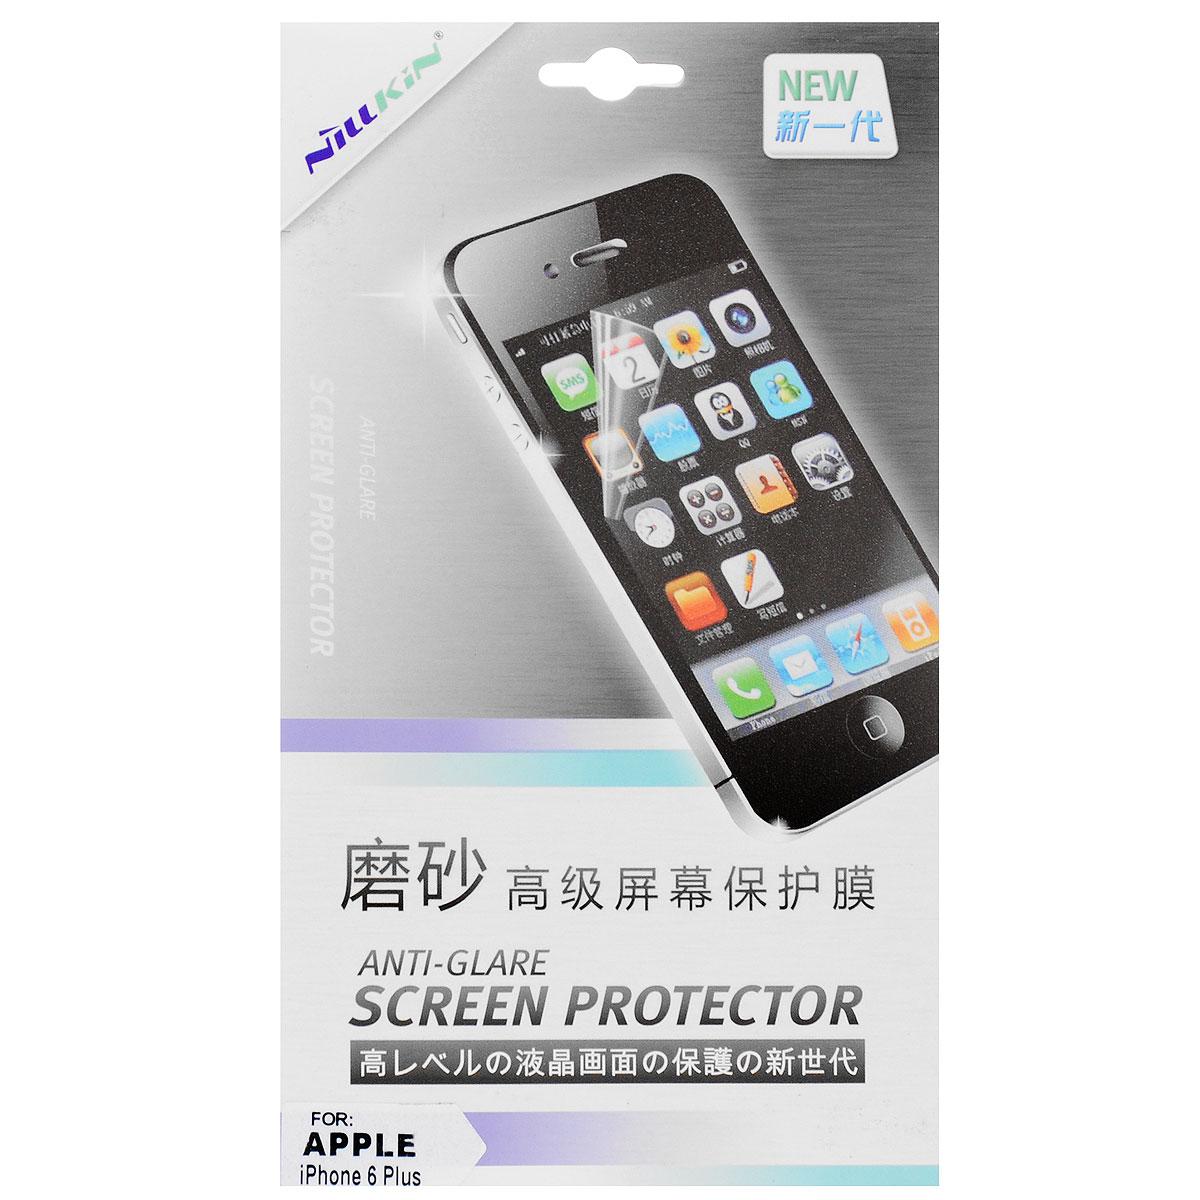 Nillkin Screen Protector защитная пленка для Apple iPhone 6 Plus, матовая
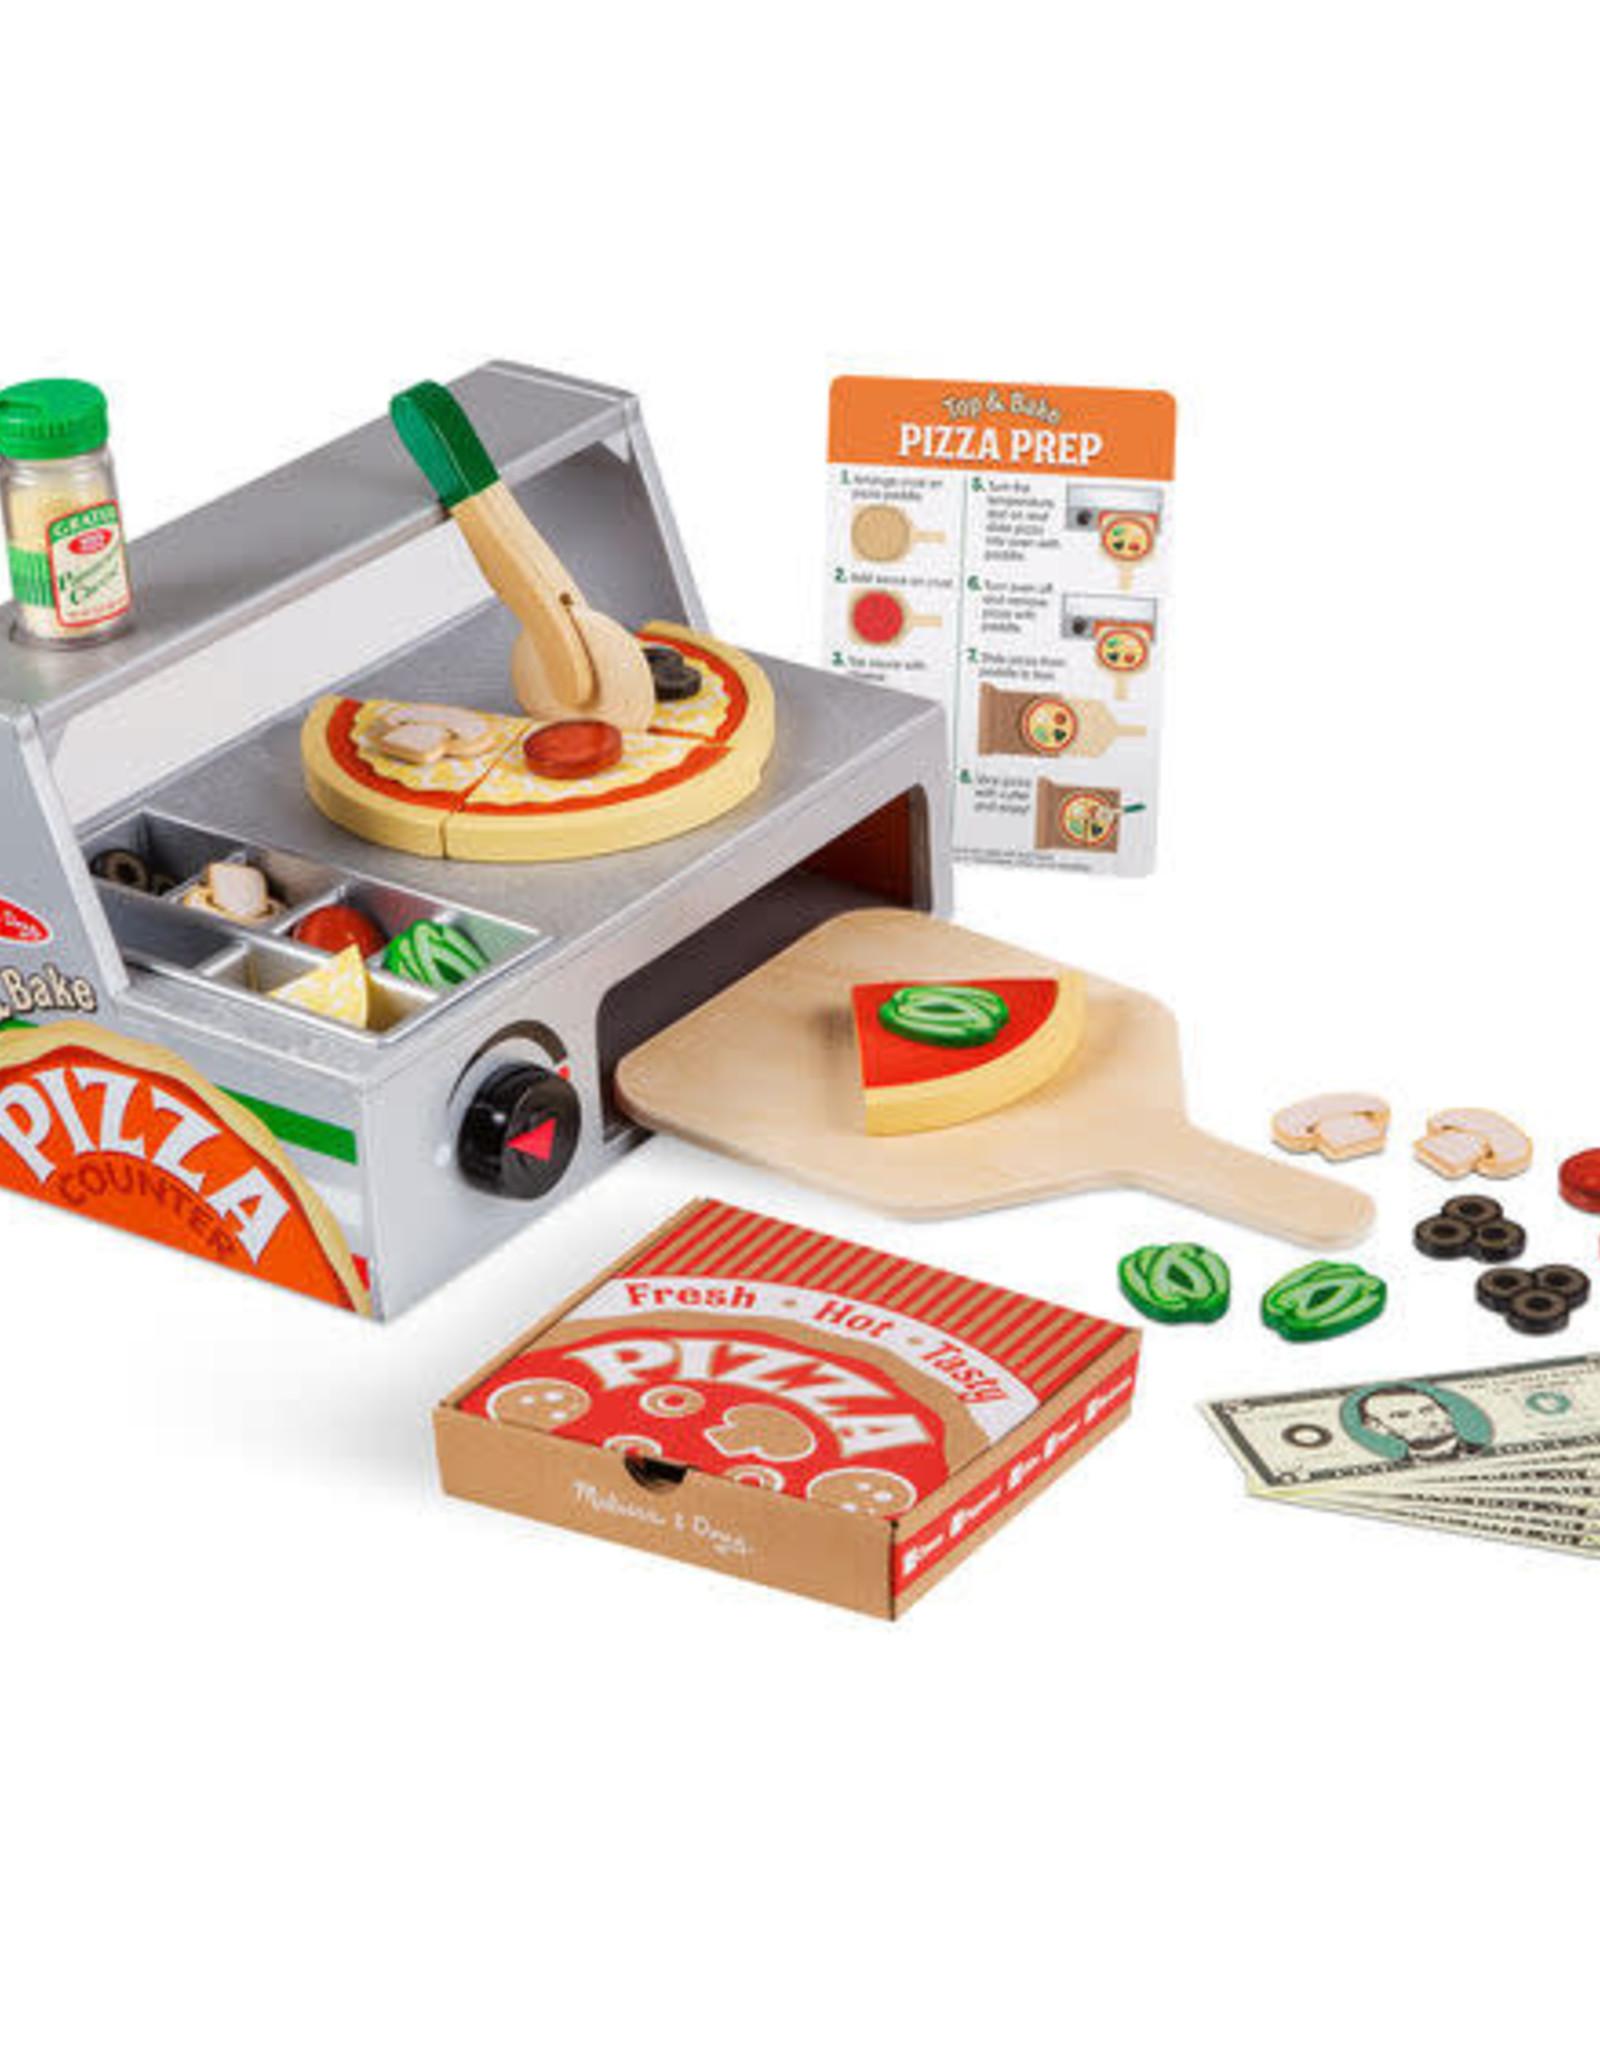 Melissa & Doug Melissa & Doug Top & Bake Pizza Counter Play Set
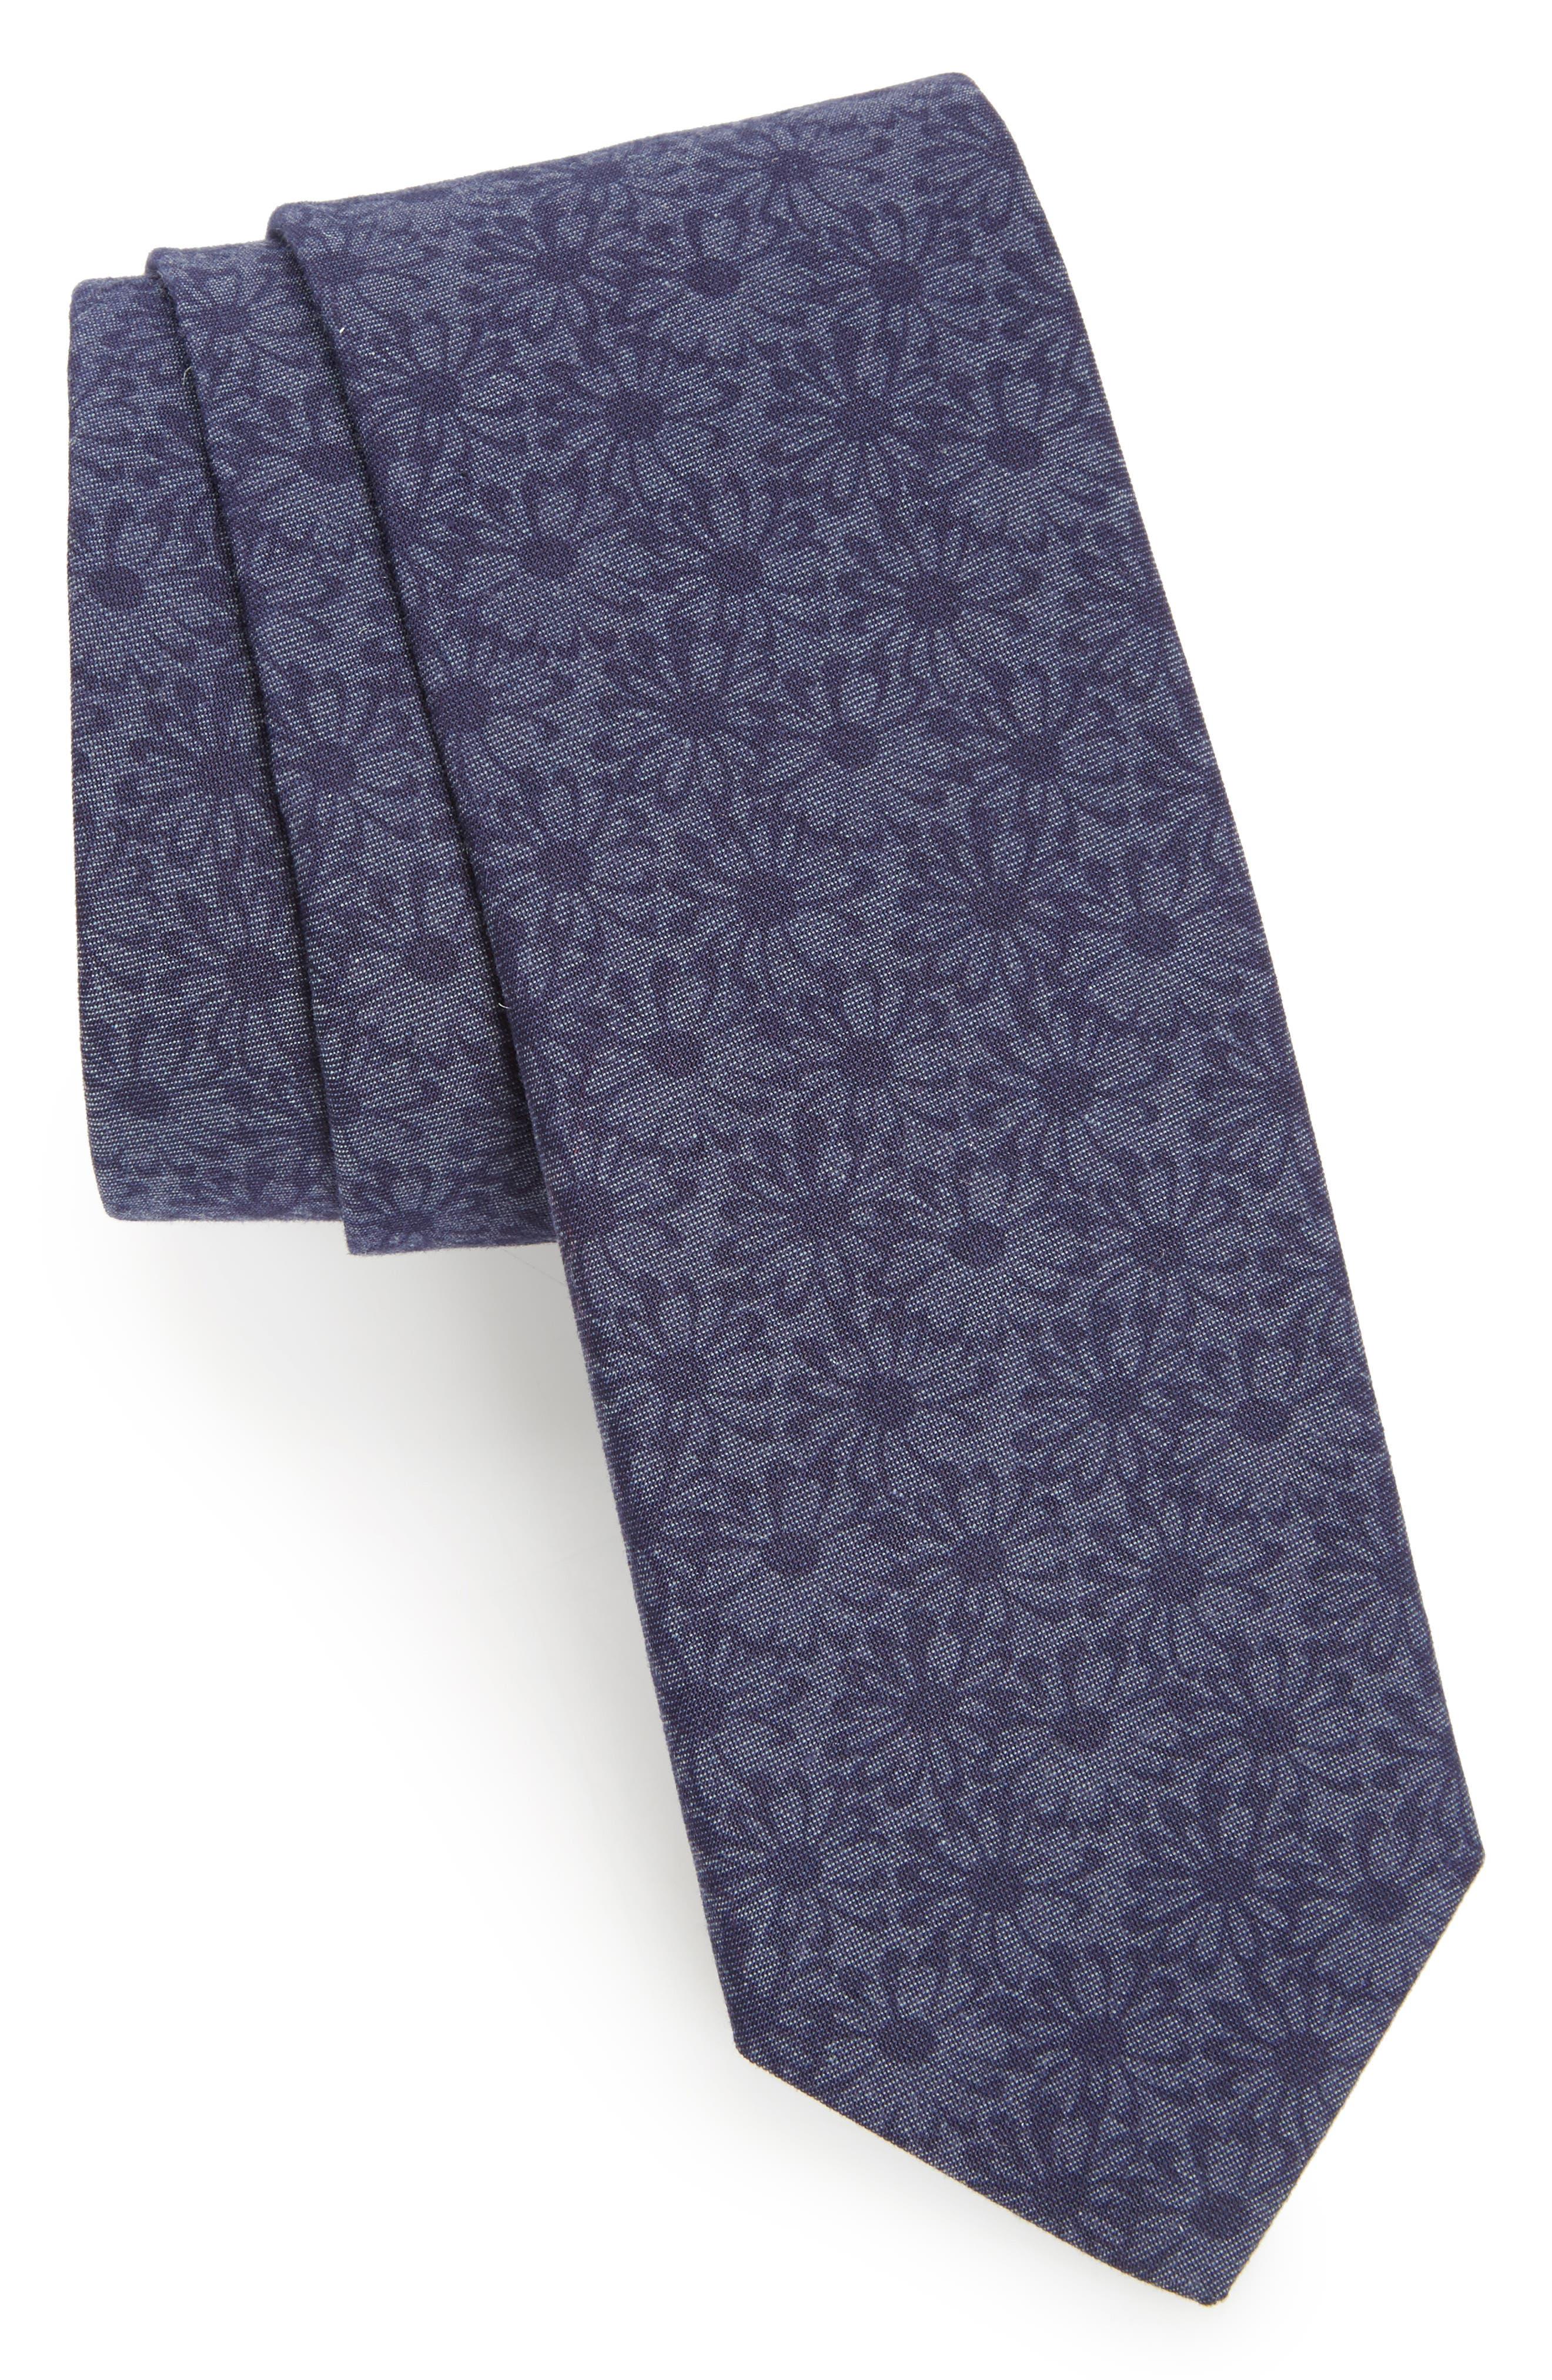 Floral Cotton Tie,                         Main,                         color, Navy/ Daisy

§ Exercise requirements
Apart from the images, print all the material above exactly as given.

§ Solution for this exercise
 Nillkin Screen Protector защитная пленка для Apple iPhone 6 Plus, матовая
 Melissa & Doug Melissa & Doug Top & Bake Pizza Counter Play Set
 Floral Cotton Tie,                         Main,                         color, Navy/ Daisy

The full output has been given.